Why was the data set created?

These data are intended for geographic display and analysis at the national level, and for large regional areas. The data should be displayed and analyzed at scales appropriate for 1:2,000,000-scale data. No responsibility is assumed by the National Atlas of the United States in the use of these data.


How was the data set created?

  1. From what previous works were the data drawn?

    ATLAS-Streams (source 1 of 7)
    National Atlas of the United States, 200301, Streams and Waterbodies of the United States: National Atlas of the United States, Reston, VA.

    Type_of_Source_Media: Online
    Source_Scale_Denominator: 2000000
    Source_Contribution: Spatial information

    ATLAS-HUC (source 2 of 7)
    National Atlas of the United States, 200211, 1:2,000,000-Scale Hydrologic Unit Boundaries: National Atlas of the United States, Reston, VA.

    Type_of_Source_Media: Online
    Source_Scale_Denominator: 2000000
    Source_Contribution: Spatial information

    ATLAS-States (source 3 of 7)
    National Atlas of the United States, 200506, State Boundaries of the United States: National Atlas of the United States, Reston, VA.

    Type_of_Source_Media: Online
    Source_Scale_Denominator: 2000000
    Source_Contribution: Spatial information

    Canada-HUC (source 4 of 7)
    Government of Canada, Natural Resources Canada, Canada Centre, 2003, Drainage Areas: Government of Canada, Natural Resources Canada, Canada Centre for Remote Sensing, The Atlas of Canada, Ottawa, Ontario, Canada.

    Online Links:

    Type_of_Source_Media: Online
    Source_Contribution: Spatial information

    PLSS_Map (source 5 of 7)
    U.S. Geological Survey, 1978, United States of America Showing the Extent of Public Lands Surveys: U.S. Geological Survey, Reston, VA.

    Type_of_Source_Media: Paper
    Source_Scale_Denominator: 3168000
    Source_Contribution: Spatial and attribute information

    Boundary_Booklet (source 6 of 7)
    U.S. Geological Survey, 1976, Boundaries of the United States and the Several States: U.S. Geological Survey Professional Paper 909, U.S. Geological Survey, Reston, VA.

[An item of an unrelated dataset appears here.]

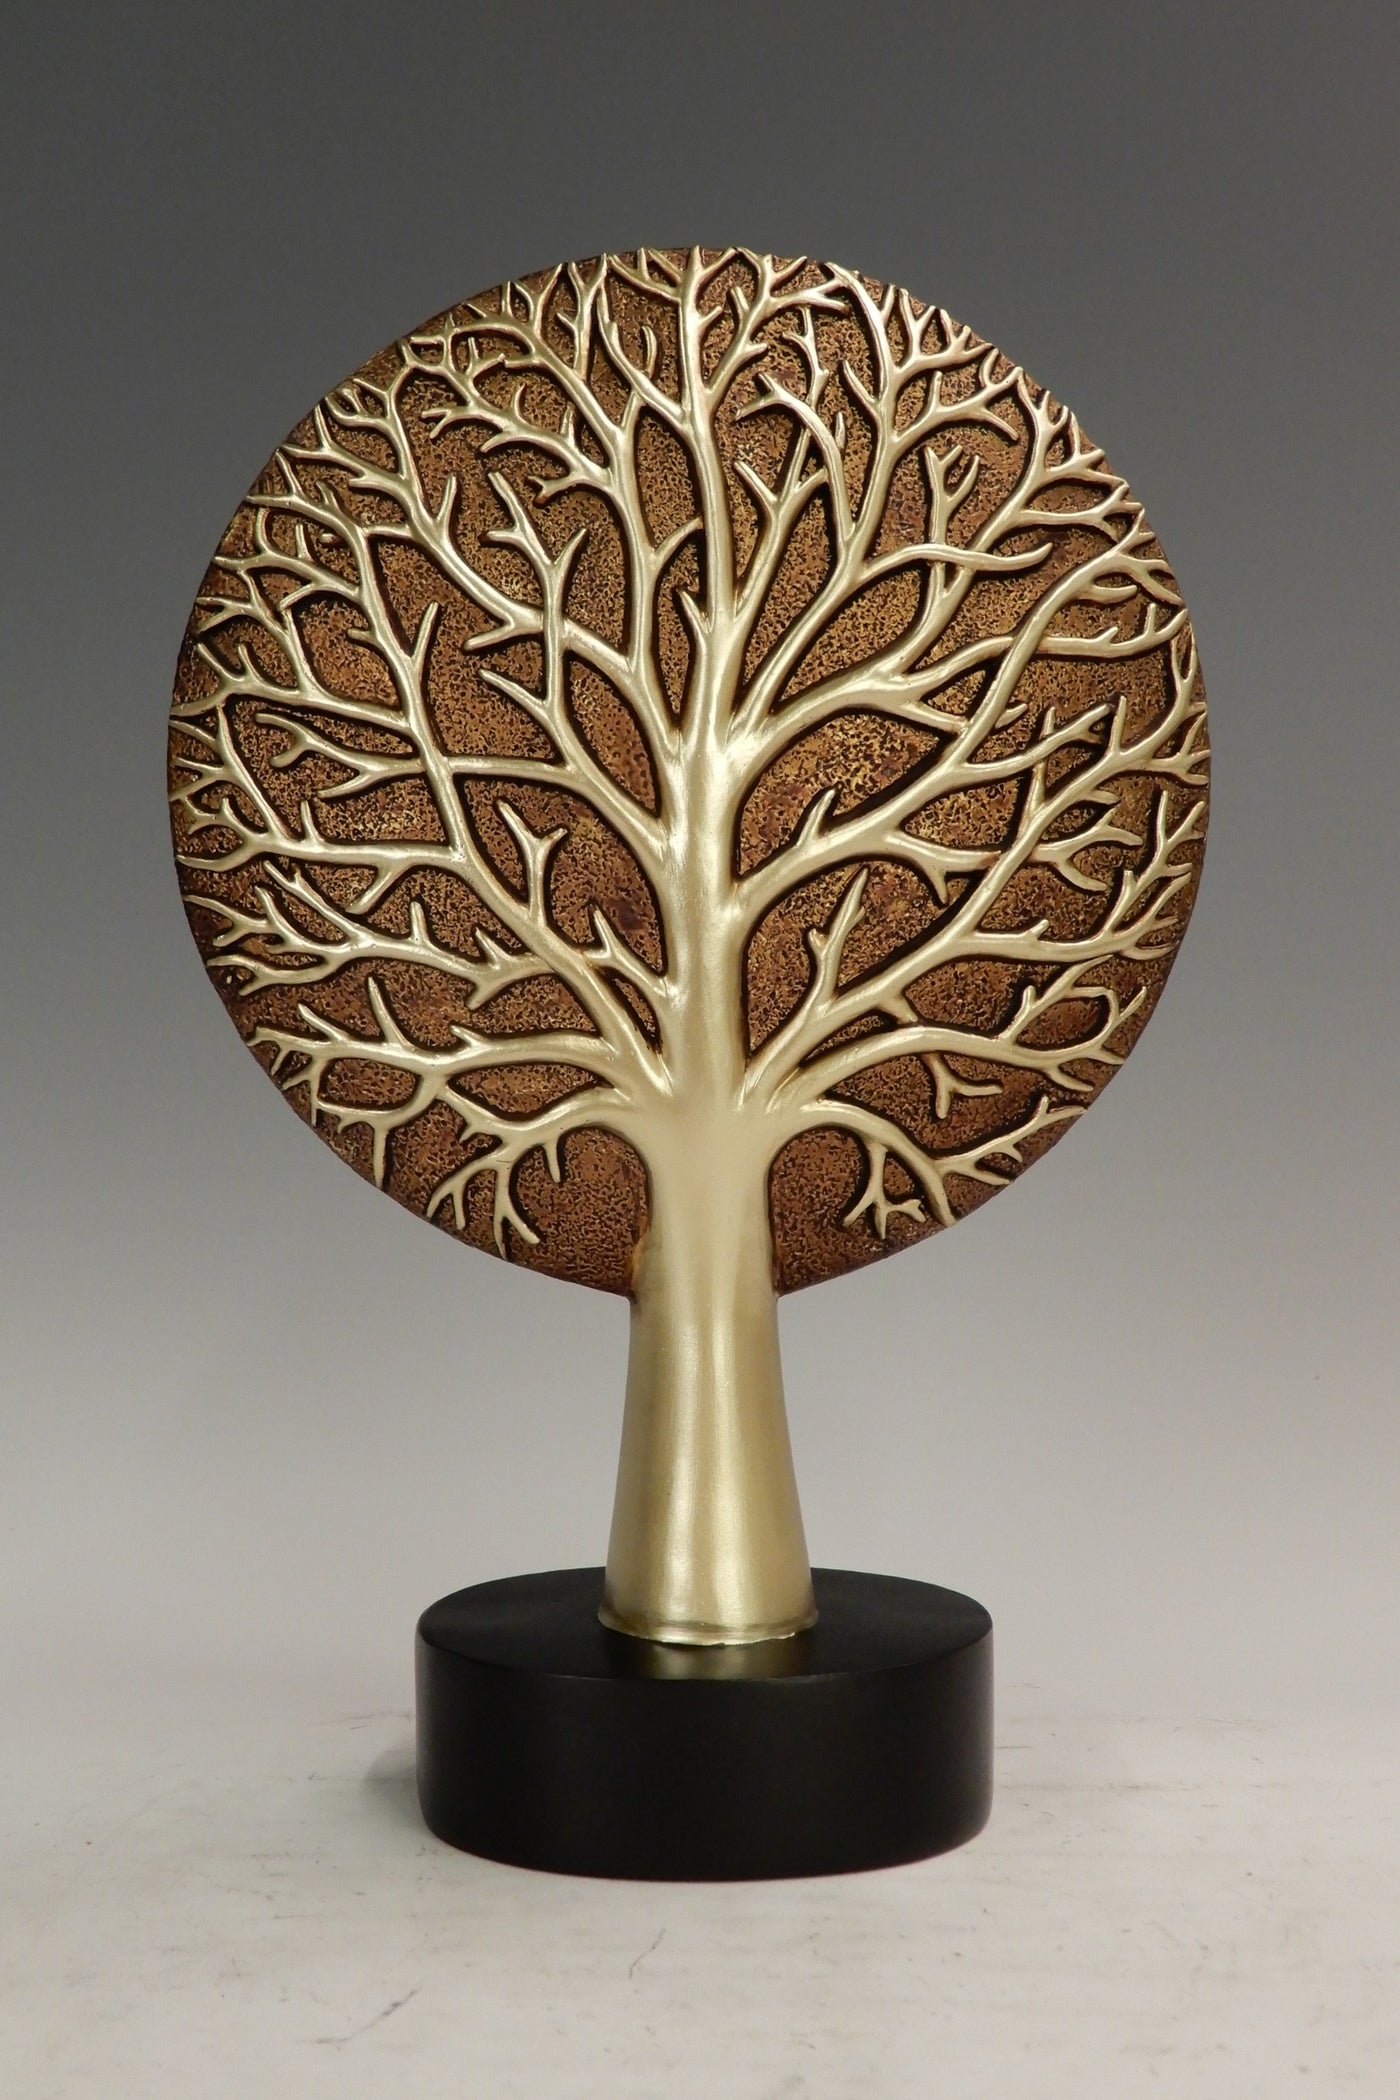 Resin Golden Tree for your home or office decor

    Type_of_Source_Media: Booklet
    Source_Contribution: Spatial and attribute information

    Territorial_Expansion (source 7 of 7)
    Ellis, Melvin Y. , 200312, Territorial Expansion of the United States: U.S. Geological Survey, Reston, VA.

    Type_of_Source_Media: Internal text document
    Source_Contribution: Attribute and spatial information

  2. How were the data generated, processed, and modified?

    Date: Mar-2005 (process 1 of 1)
    Using the historical boundaries shown on the PLSS_Map as a guide, lines from ATLAS-States, ATLAS-HUC, ATLAS-Streams, and Canada-HUC were copied into a new GIS dataset. The polygons were labeled with information derived from the PLSS-Map, the Boundary_Booklet, and the Territorial_Expansion document.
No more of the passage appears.